# 30 Gallon Aquarium Stand Project



## Hoppy (Dec 24, 2005)

If you use birch for the stand, and want a really easy to use, splotch free way of coloring the wood, try this: http://www.woodcraft.com/family.aspx?familyid=760 I have used these dyes several times and have always been totally satisfied with them. You can mix colors until you get exactly the color you want, and best of all, it doesn't give you splotchy areas that can make regular wood stain jobs look so bad.


----------



## CAM6467 (Feb 11, 2009)

Interesting. I haven't ever used a dye before, but I have heard so much about them. Do you simply mix the dye with water and then rub it into the wood? Can you still apply poly without messing up the dye? I am definately going to look into these dyes. I hate having to stain large surface areas....You always seem to end up with darker/splotchy areas. Thank a bunch *Hoppy*!:thumbsup::thumbsup:

EDIT: *Hoppy*, by the way that you worded your statement I get the idea that this dye is best for use on birch. Is that so?


----------



## Hoppy (Dec 24, 2005)

That dye is a powder which dissolves in either water or alcohol. You swab it on generously, wait a few seconds and wipe the excess off, to even it out better. Then wait for it to dry thoroughly, usually overnight is all it takes, and apply whatever clear finish you want. If you use alcohol it dries a lot faster, but, I found it dried too fast and I sometimes got streaky results. The dye is suitable for any wood, but birch is so light it really works well on that wood. Birch also has a wavy grain that causes stains to absorb heavily in some areas right adjacent to areas where it absorbs poorly, leaving a splotchy appearance. The dye doesn't do that nearly as much.

When you use stain you can use a pre-stain conditioner that stops a lot of the blotchiness, but, my experience was that the conditioner also greatly limited the darkness you could get with the stain.

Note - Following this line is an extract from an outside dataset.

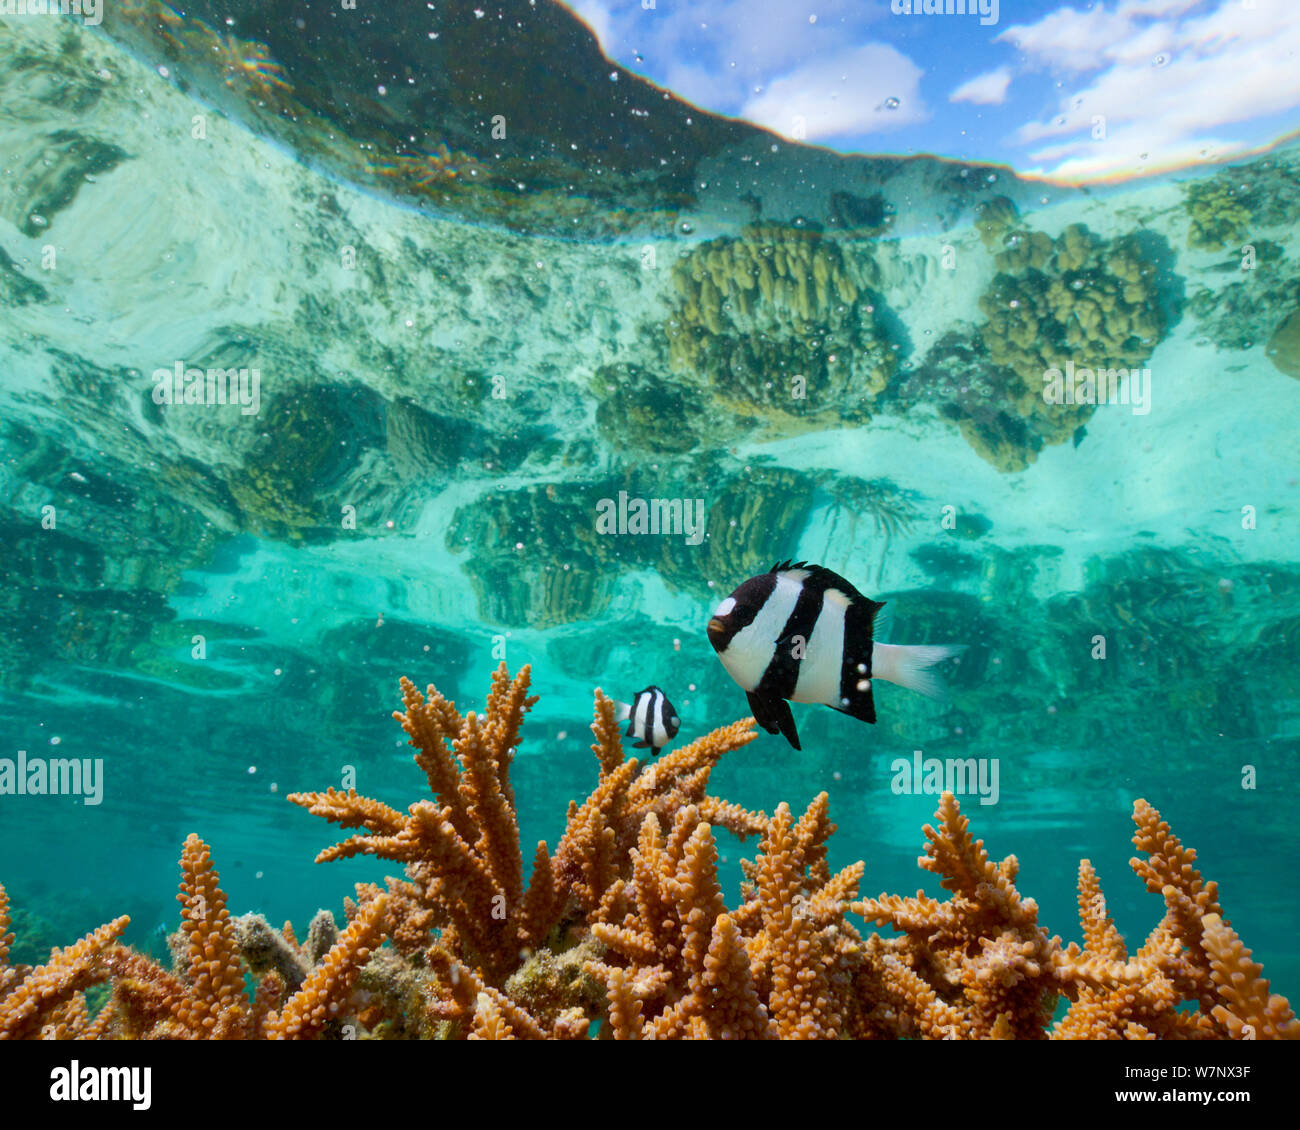 Humbug dascyllus (Dascyllus aruanus)  guarding his patch of staghorn coral in a shallow lagoon on Ofu, American Samoa. January. The window of sky above is a result of the phenomenon known as Snell's Window. Stock Photo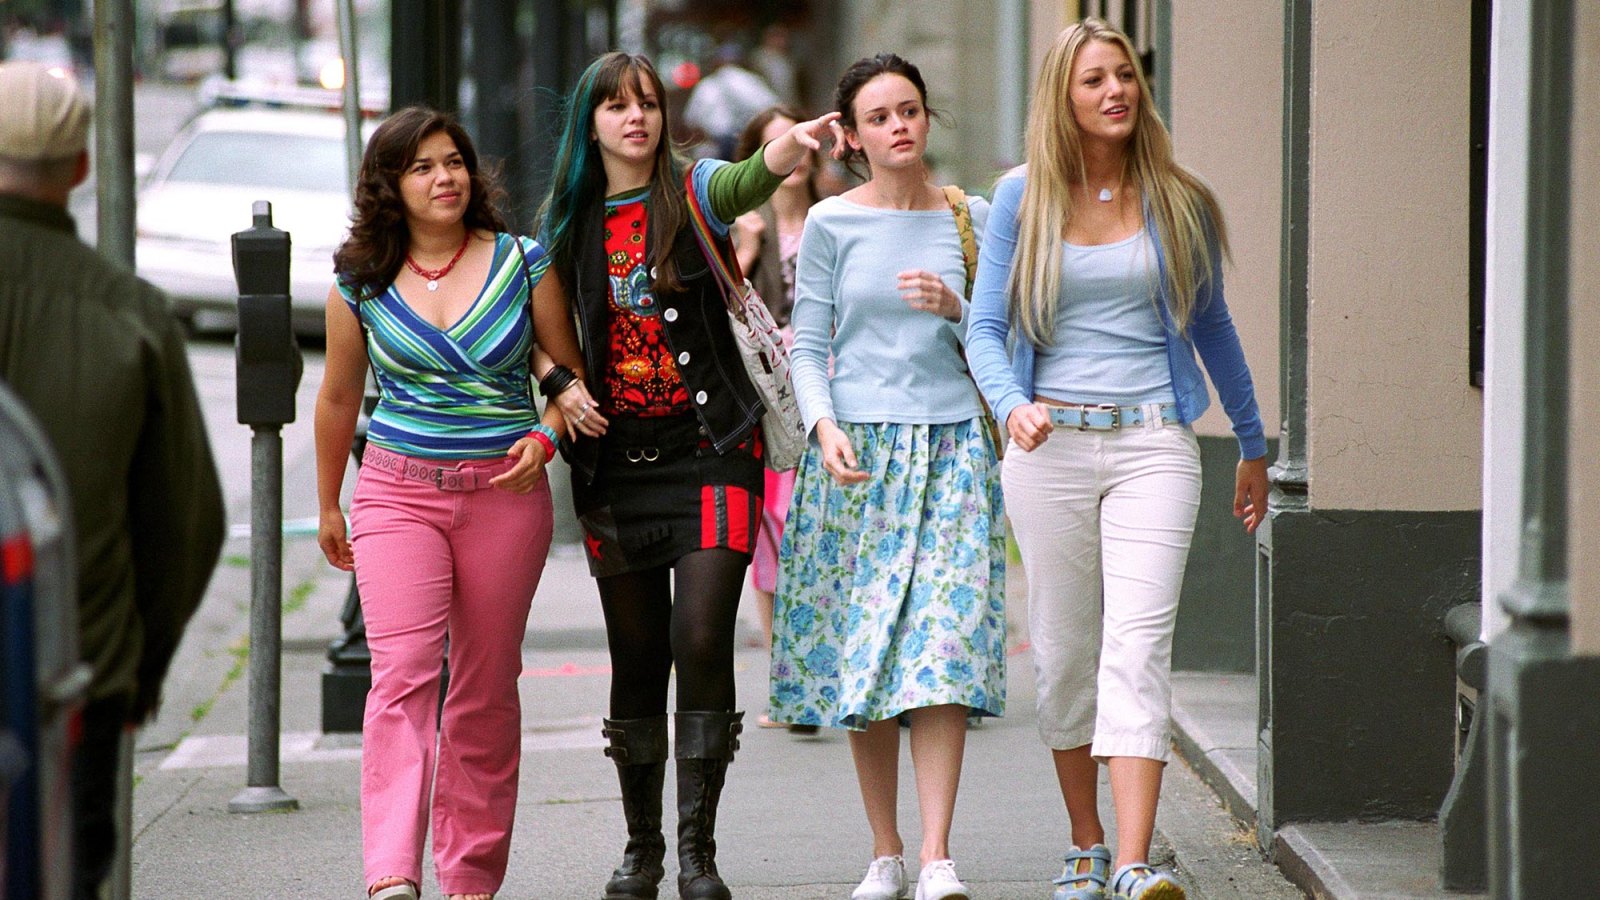 Sisterhood of the Traveling Pants Cast Is All Smiles During Reunion Nearly 20 Years After 1st Film

My wife used to insist that I match the color of some existing piece of furniture, and dyes let me do it. I would take a long strip of the same plywood used for the furniture and apply various mixes of colors in 6 inch long areas, then let it dry, apply a clear coat, and compare the result with the existing furniture. After 2 or 3 of those attempts I could usually get a good match. And, I only used 3 dye colors, as I recall.

Also, any stain/dyed finish does better if the first coat of clear finish is a shellac based sanding sealer. That isolates the dye/stain from the acrylic finish, if that is what you use.


----------



## rolfester (Apr 24, 2015)

what exactly did you use lap joints on. On what part of the aquarium? I'm pretty sure it wasn't the table legs was it being that they are attached 90 degrees together...


----------



## rolfester (Apr 24, 2015)

did you use the lap Joints on the frames? even that I could see being difficult being that the boards don't overlap at all they are flush to onE another. I could see the kreg pocket screws on all of it, however but not the lap but not the lap joints


----------



## GraphicGr8s (Apr 4, 2011)

Since it's getting skinned pocket holes are unnecessary. Especially on your legs. You have a simple butt joint there. Edge to face. Glue it and screw it right through the 2 x 4. The glue will do most of the job screws will act as the clamp. 
Personally I like a 1/2" plywood for a skin. 1/4" just rattles when you tap it and that makes me think cheesy.
The raised panels should all be in the same plane as the rails and stiles and not protrude above when done right. I've seen too many doors where the panel sticks above the frame.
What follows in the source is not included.